The increase in steady-state biomass with enhanced growth was also reflected in the upward shift of the modeled STL, pointing to larger trees for a given stand density or denser stands for a given average tree size - consistent with observations. The influence of the mortality parameterizations was also evident in the degree to which the STL is shifted in response to growth enhancements, with a higher curvature leading to a weaker change in the STL. Biomass was largely constant along the STLs and thus, an upward shift of the STL indicated that biomass increased at conditions where self-thinning is acting.
Taken together, we found that the position of the STL has shifted upwards over time and as tree growth rates increased in unmanaged, closed-canopy forests in Switzerland. Simulated tree growth enhancements lead to a positive net increment in biomass despite reductions in carbon residence time and tree longevity - they are not mutually exclusive.
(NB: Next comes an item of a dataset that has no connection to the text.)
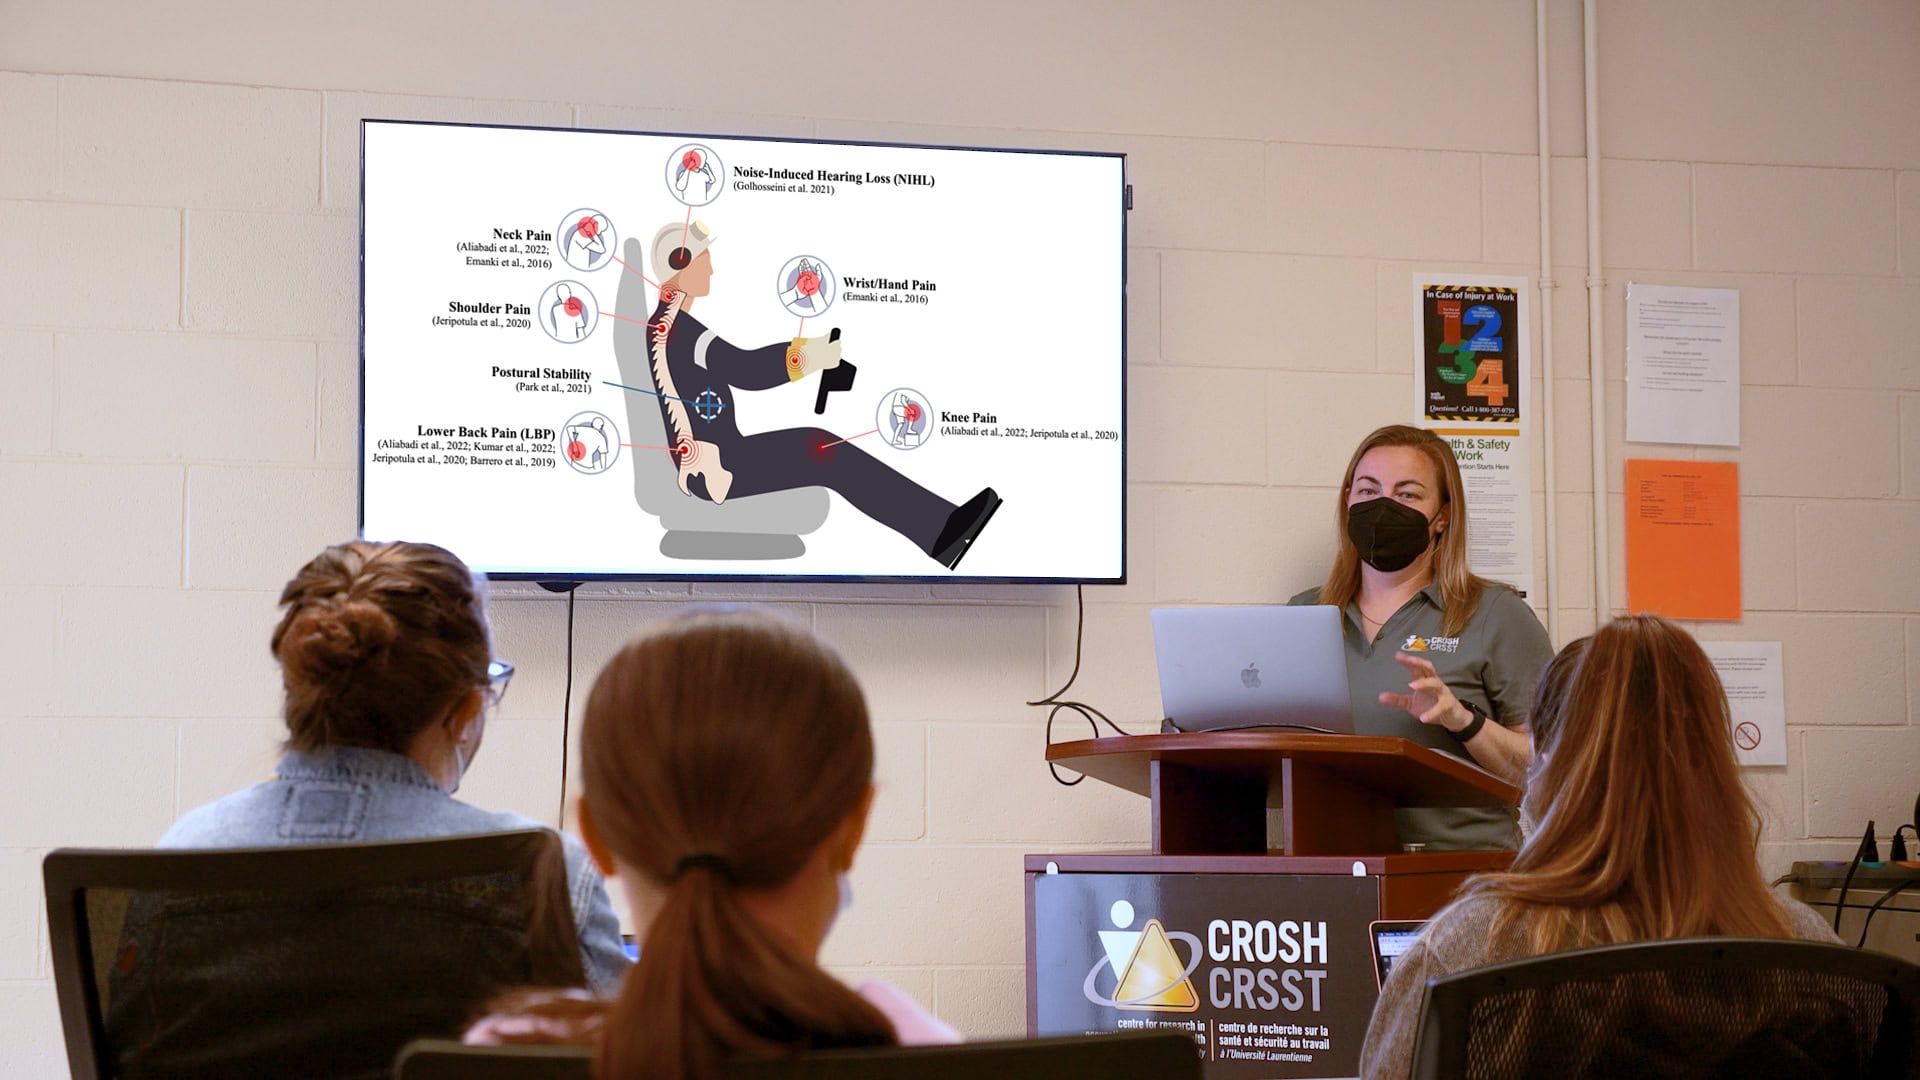 Researcher instructing seated students next to a projected image of the health impacts of vibration exposure.
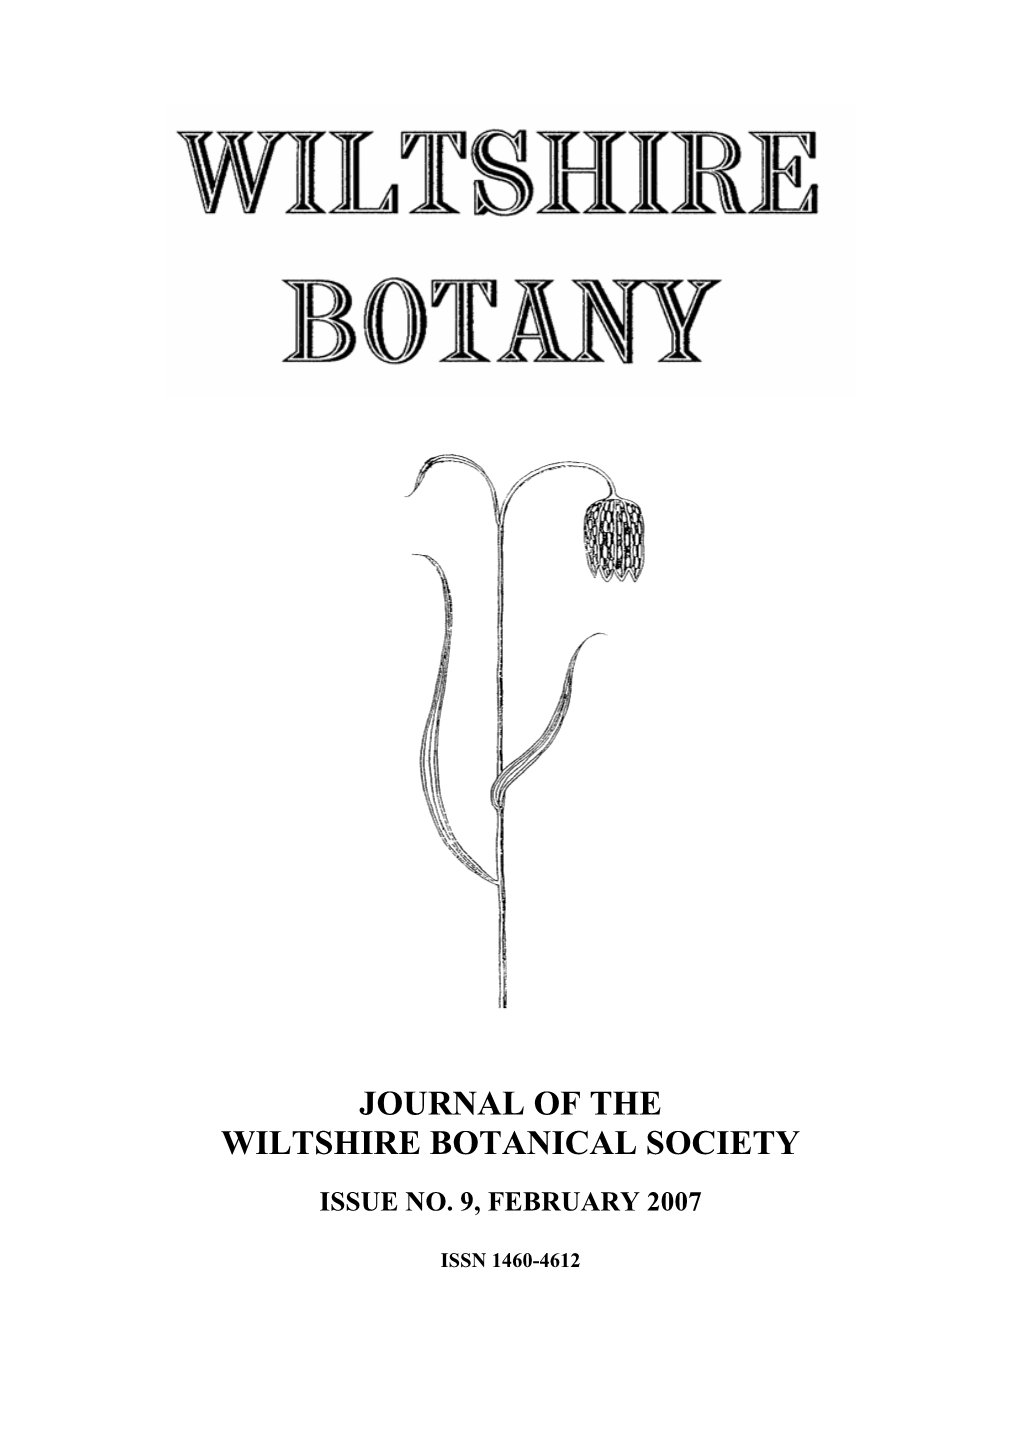 Journal of the Wiltshire Botanical Society

These findings reconcile reports of tree longevity reductions (Büntgen et al. 2019; Brienen et al. 2020) with model predictions of increased forest biomass (Yu et al. 2019; Pugh et al. 2020), both of which are consistent with the mechanistic understanding outlined here. Yet, the ratio of relative changes in growth and biomass was critically affected by the shape of the mortality function, with the stronger the curvature in the size-mortality parameterization, the smaller the increase in biomass and the upward shift in the STL. Our findings further emphasize the need for long-term monitoring plots to better understand the links between growth and biomass and to constrain influential, yet not directly observable model parameters.
Full article
Marqués, L., Weng, E., Bugmann, H., Forrester, D. I., Rohner, B., Hobi, M. L., et al. (2023). Tree growth enhancement drives a persistent biomass gain in unmanaged temperate forests. AGU Advances, 4, e2022AV000859. https://doi.org/10.1029/2022AV000859
Data availability
Data analyses and evaluations were based on data from the Swiss National Forest Inventory (NFI), the Experimental Forest Management (EFM), and the Natural Forest Reserves (NFR) and are available upon request to the specific networks.